Life, however, is not black and white, bootstrapping project without any form of centralisation at the beginning is not feasible. Since Cardano’s roadmap is very ambitious, yes Cardano Community has to put trust into those 3 entities for relatively long time. It doesn’t automatically make it a scam, it is just a different risk profile. In case of Bitcoin though, let’s not forget that while Satoshi is not touching his pre-mined coins (1 mln BTC), it is not certain he won’t, each year probability increases but it is not probability of 1, in fact it is asymptotic to 1 in mathematical terms.
“Bitcoiners say that PoW is the only secure consensus mechanism”

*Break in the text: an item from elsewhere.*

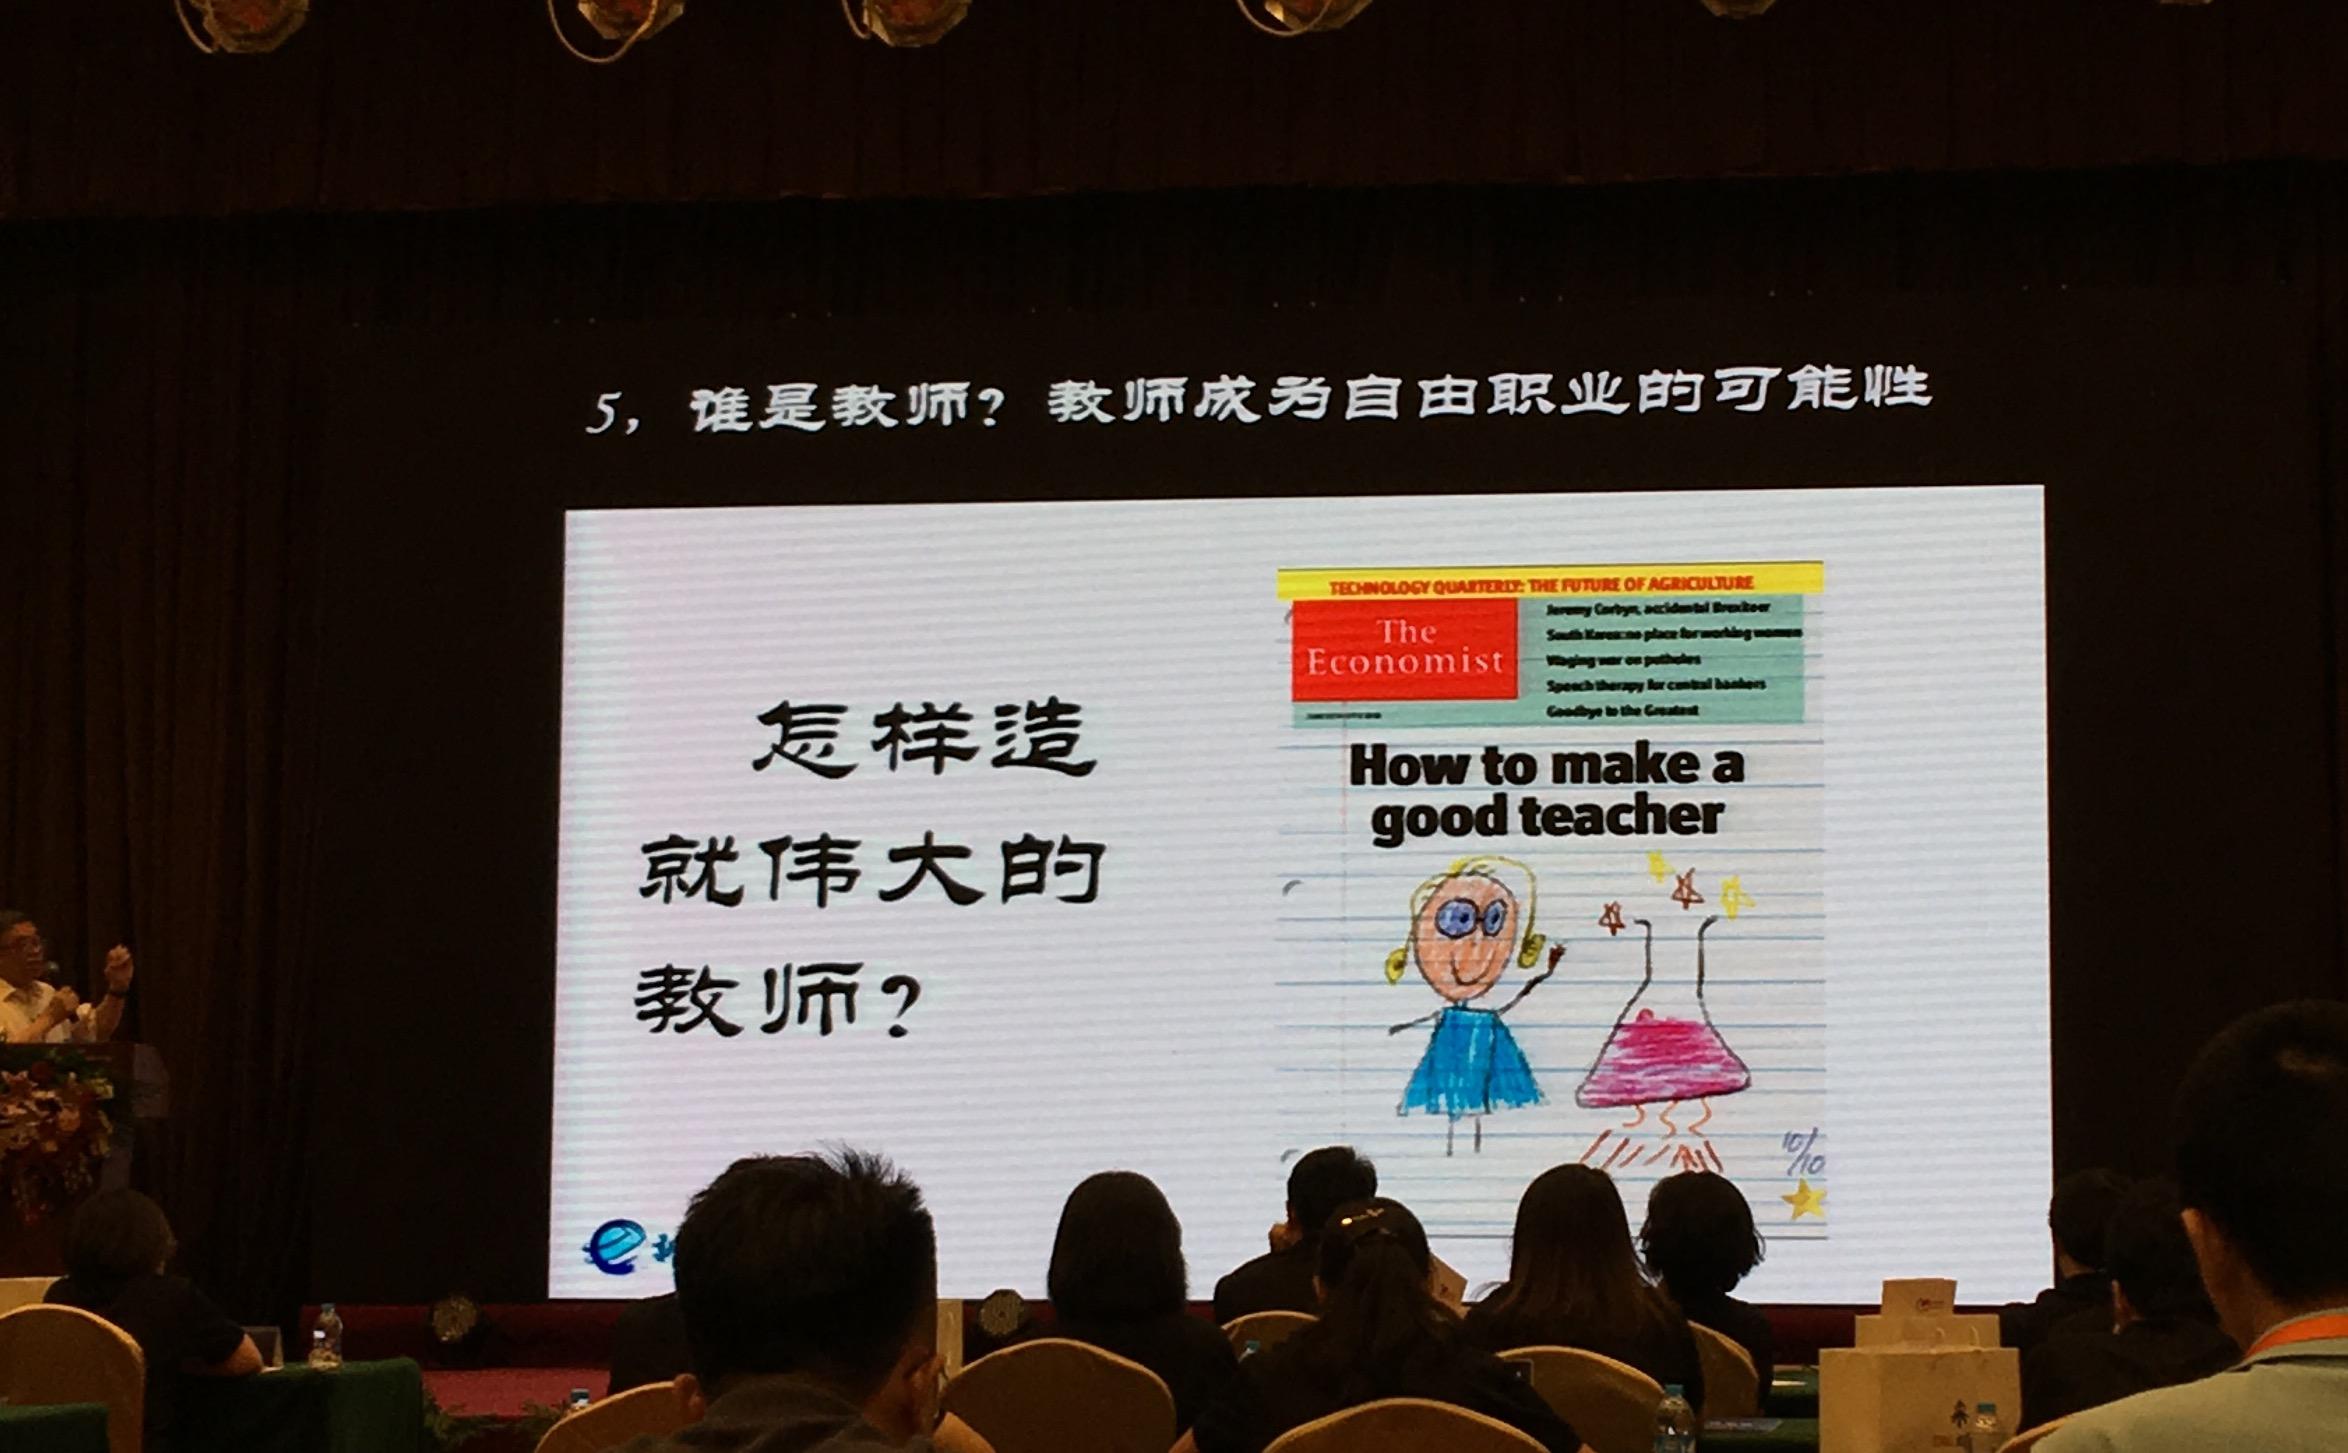 朱永新:课程为王,将是未来的发展方向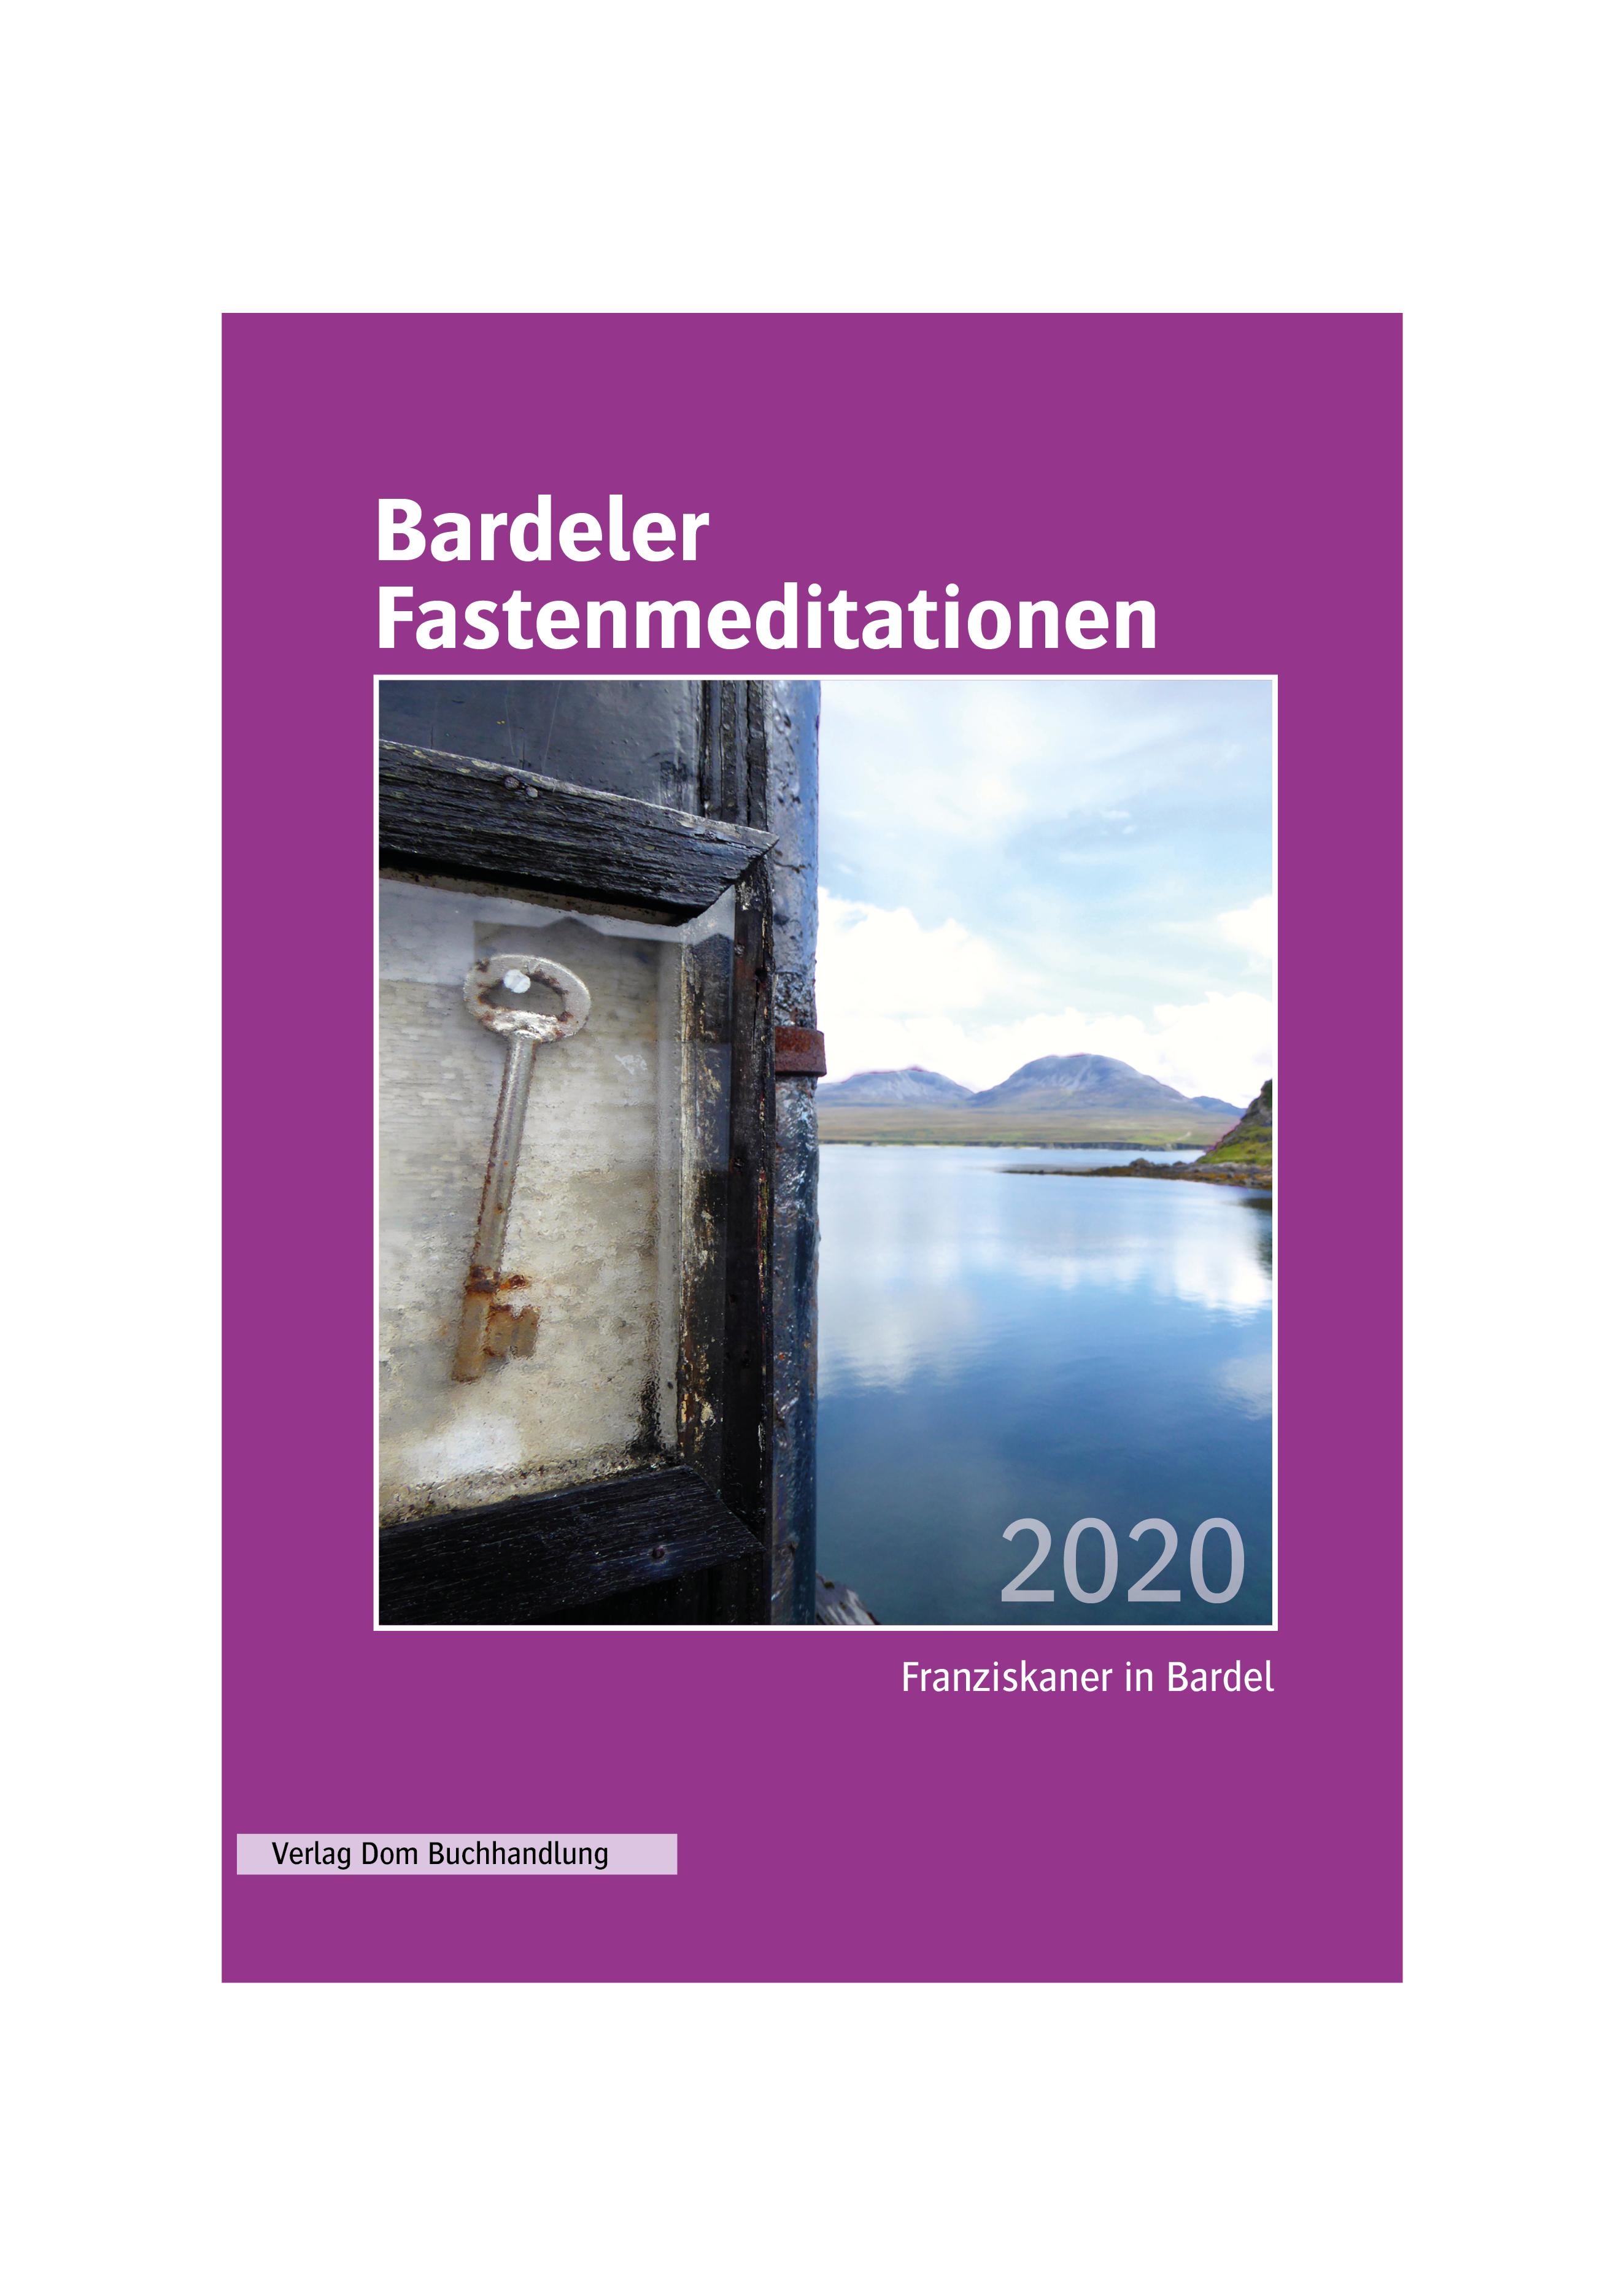 Bardeler Fastenmeditationen 2020

PoW is a form of a consensus algorithm with well studied cryptographic features — without any shadow of doubt, however, as Cardano proved with a release or Ouroboros: https://eprint.iacr.org/2016/889.pdf and it’s further iterations and extensions it is possible to have a PoS protocol that is secure, in fact Cardano is currently securing about 71 bln USD of value.
“Cardano is a ghostchain, there is very little activity comparing to Ethereum?”.
Majority of activity on various chains is either caused by people. In case of very well established blockchains like Bitcoin, Etherum or Litecoin, there is tremendous amount of activity but these chains have launched many years ago. As for Cardano, launched in 2017 so relatively new actually. Shelley (staking) launched in August 2020, then launched native assets and NFTs in March 2021 and since then there has been very impressive amount of assets issued and exchanged, almost 1,5 mln at the time of writing and number of transactions is growing on average epoch over epoch with small local minima. Last but not least Alonzo, bringing smart contracts launched on 12 September 2021.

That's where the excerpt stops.